To access the Galera/MariaDB dashboard navigate to Dashboards -> Manage -> ONAP -> Galera/MariaDB in Grafana UI.

Accessing Grafana dashboard

The most straightforward way to access the Grafana UI is by leveraging the port-forward k8s facility. Issue following command on the Infra host:

kubectl -n kube-prometheus port-forward --address 0.0.0.0 svc/kube-prometheus-stack-grafana 8081:80

Then navigate to http://<infra IP>:8081 to access the UI:

Grafana Login page

Default username is admin and the default password is grafana.

In the left pane navigate to Dashboards -> Manage to see the various pre-defined dashboards that come bundled with kube-prometheus stack. There is also the Custom folder which holds few additional dashes defined by the Offline Installer authors:

Grafana dashboards

Alternative way of accessing the UI is by leveraging the NodePort type service which exposes Grafana UI on the Infra host public port directly. To do so get the port number first:

kubectl -n kube-prometheus get service/kube-prometheus-stack-grafana -o custom-columns=PORTS:.spec.ports[].nodePort

Then navigate to http://<infra IP>:<nodePort> to access the UI.

Offline Installer Testing Guide

This testing guide describes how offline installer can be tested in local development environment (laptop) without the need for actual servers.

Documentation refers to files/directories in ansible directory of this repository.

Introduction

Offline installer uses Molecule for testing all roles.

Molecule is tool for ansible roles development and testing. In this project Molecule is used for integration type of testing for both roles and playbooks. Role code is tested against simulated host.
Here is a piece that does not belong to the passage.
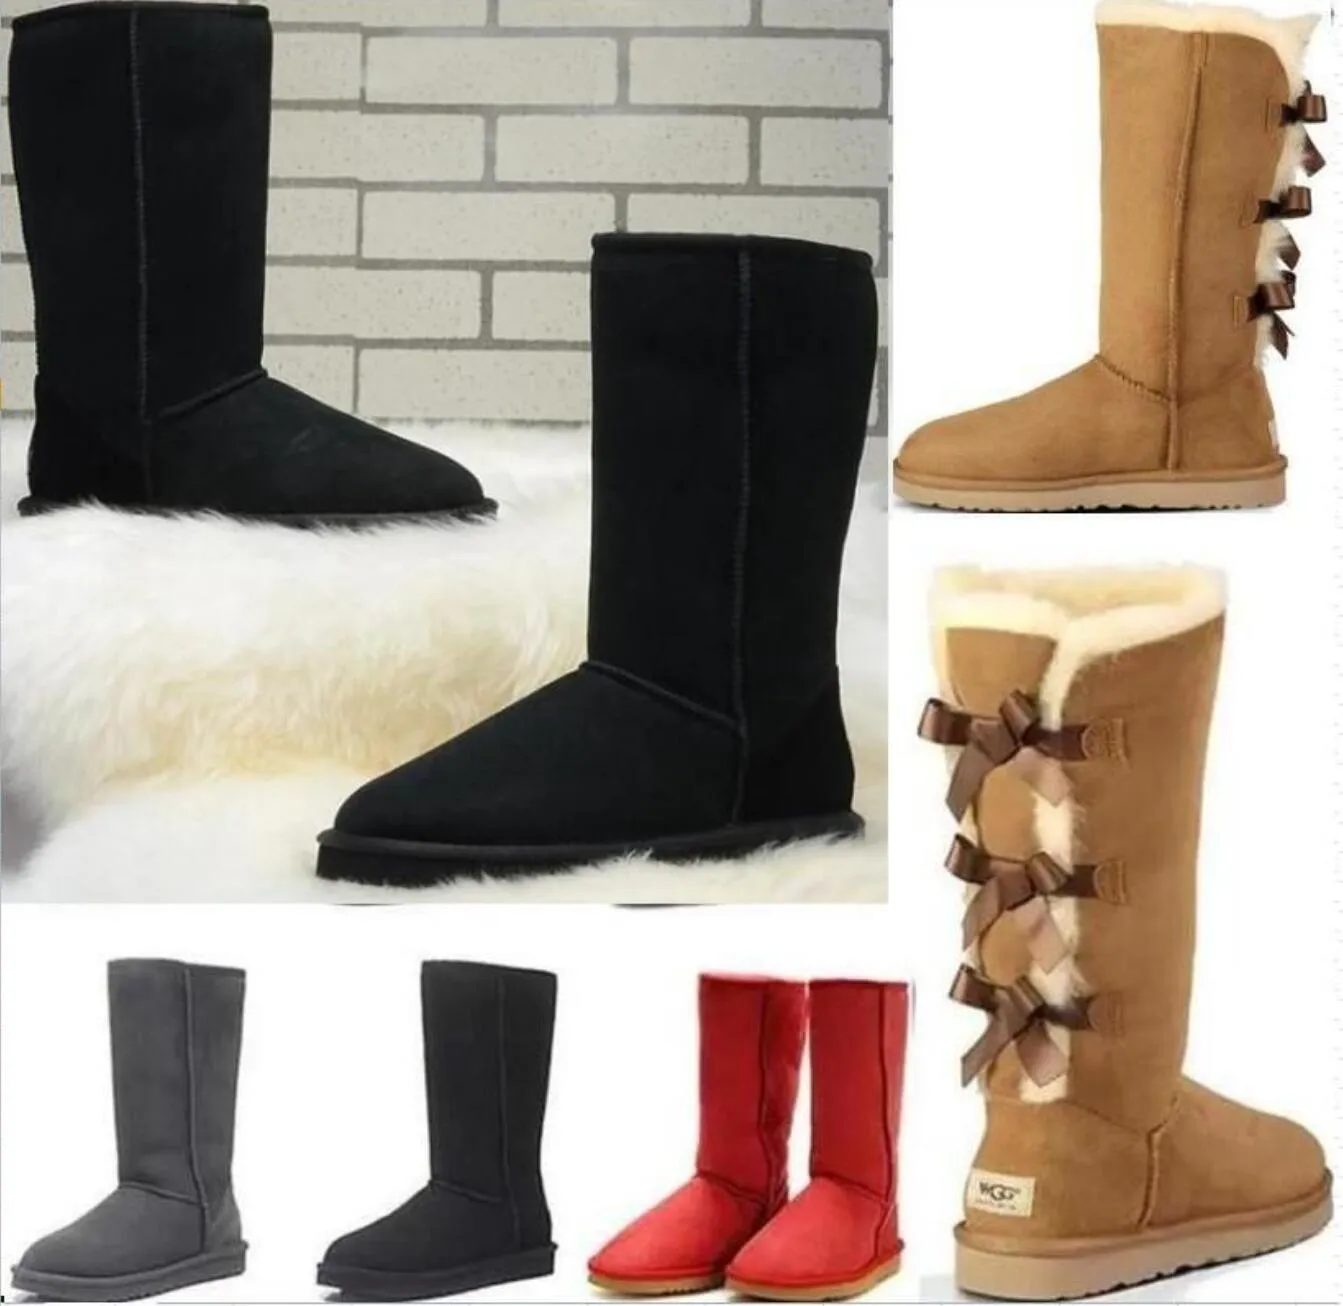 High Quality WGG Women's Classic tall Boots Womens Australia Snow Winter leather Warm winter shoes US SIZE 5---10 UGGitys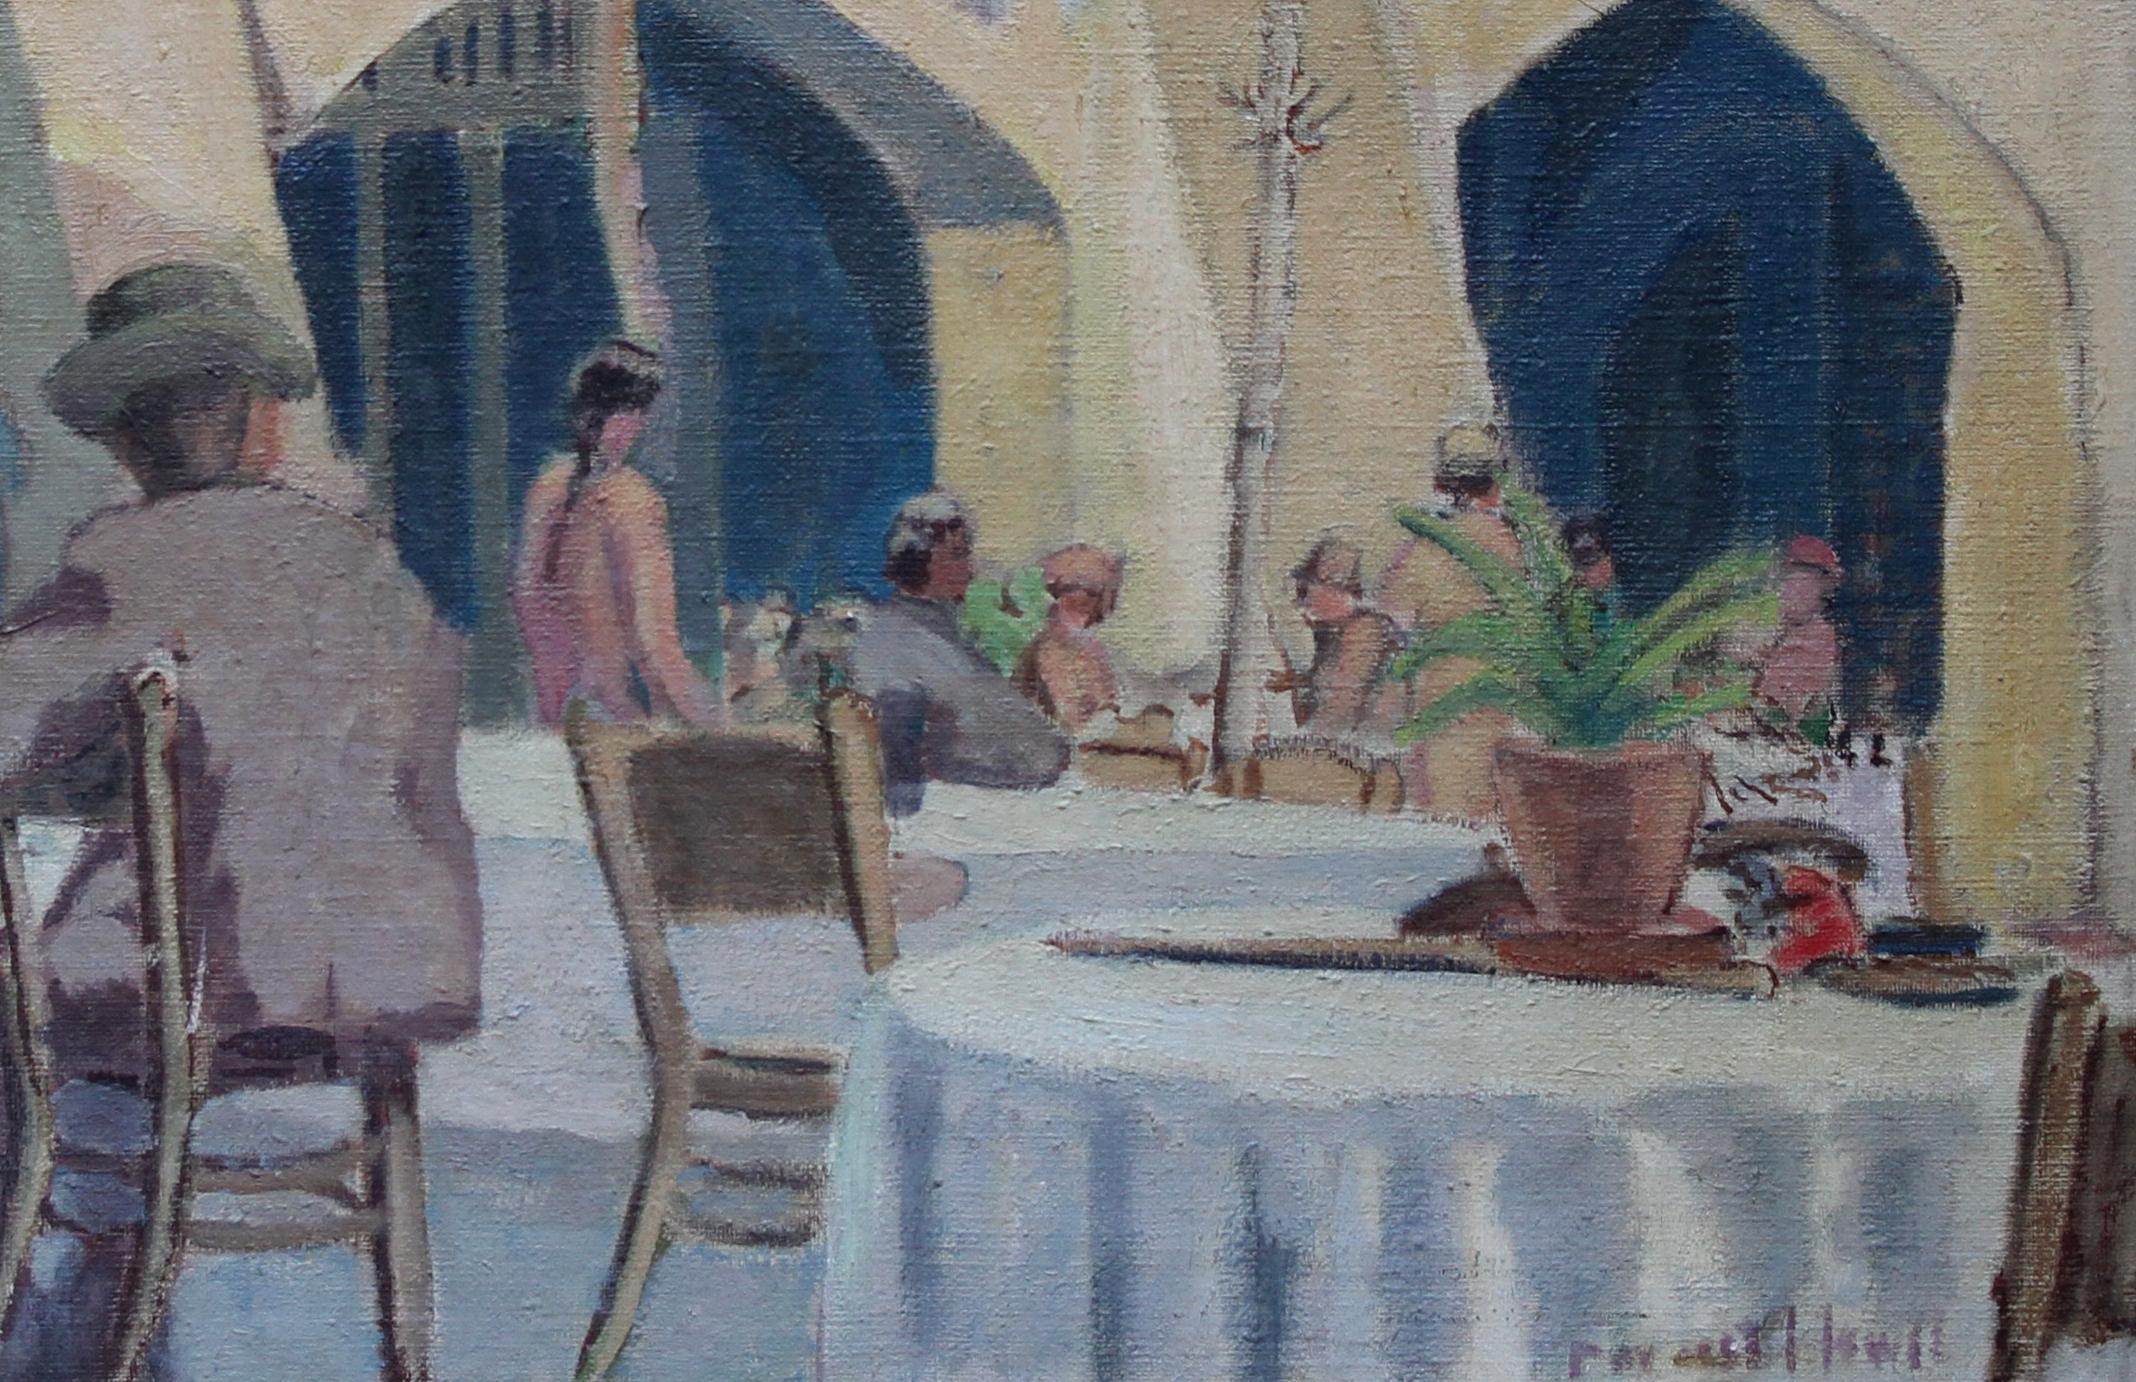 Cafe Porto Fino Italy - British Post Impressionist oil painting Italian Riviera - Post-Impressionist Painting by Forrest Hewit

Molecule is designed to test single Ansible role in isolation. Offline installer however has many small roles that are dependent on each other and also execution order for roles is meaningful. In that respect Molecule’s design does not offer sufficient level of testing as it’s lacking playbook level of scenario testing by default. Luckily Molecule is highly configurable and it is possible to achieve a higher level of testing scenarios for the offline installer.

Testing with Molecule is divided to two levels of testing:
  1. role level testing (as per Molecule design)

  2. playbook level testing (offline installer own setup)

Purpose

The purpose of using testing framework like Molecule is to make possible for developer to verify ansible code changes locally in own laptop without the need for big resources.

Developer is also expected to do development of the Ansible code and the Molecule test code at the same time. Offline installer does not have unittest level of testing for the ansible code.

Any commit made to ansible code base needs to first pass Molecule tests before it’s merged.

Test levels

To cover both testing levels (role and playbook) with maximum benefit and minimum copy-pasting, the testing code should be written in reusable way.

Reusable test code can be achieved by writing all prepare/cleanup and other helping code as a roles into main test directory. Also testinfra test code can be shared between different roles and between different scenarios of one role.

Testing of role and one scenario (one execution run of molecule) is fully defined by molecule.yml file.

molecule.yml file is always located in directory:

<tested-role>/molecule/<scenario>/molecule.yml

i.e. one role can have multiple scenarios (different configuration, OS etc. whatever user wants) to execute tests for same role. Each scenario has own molecule.yml file and own testinfra tests.

Molecule.yml file is the only file that cannot be re-used (except with symbolic links) but all other resources can be reused by referencing those in molecule.yml file or/and indirectly from resources molecule.yml is pointing to.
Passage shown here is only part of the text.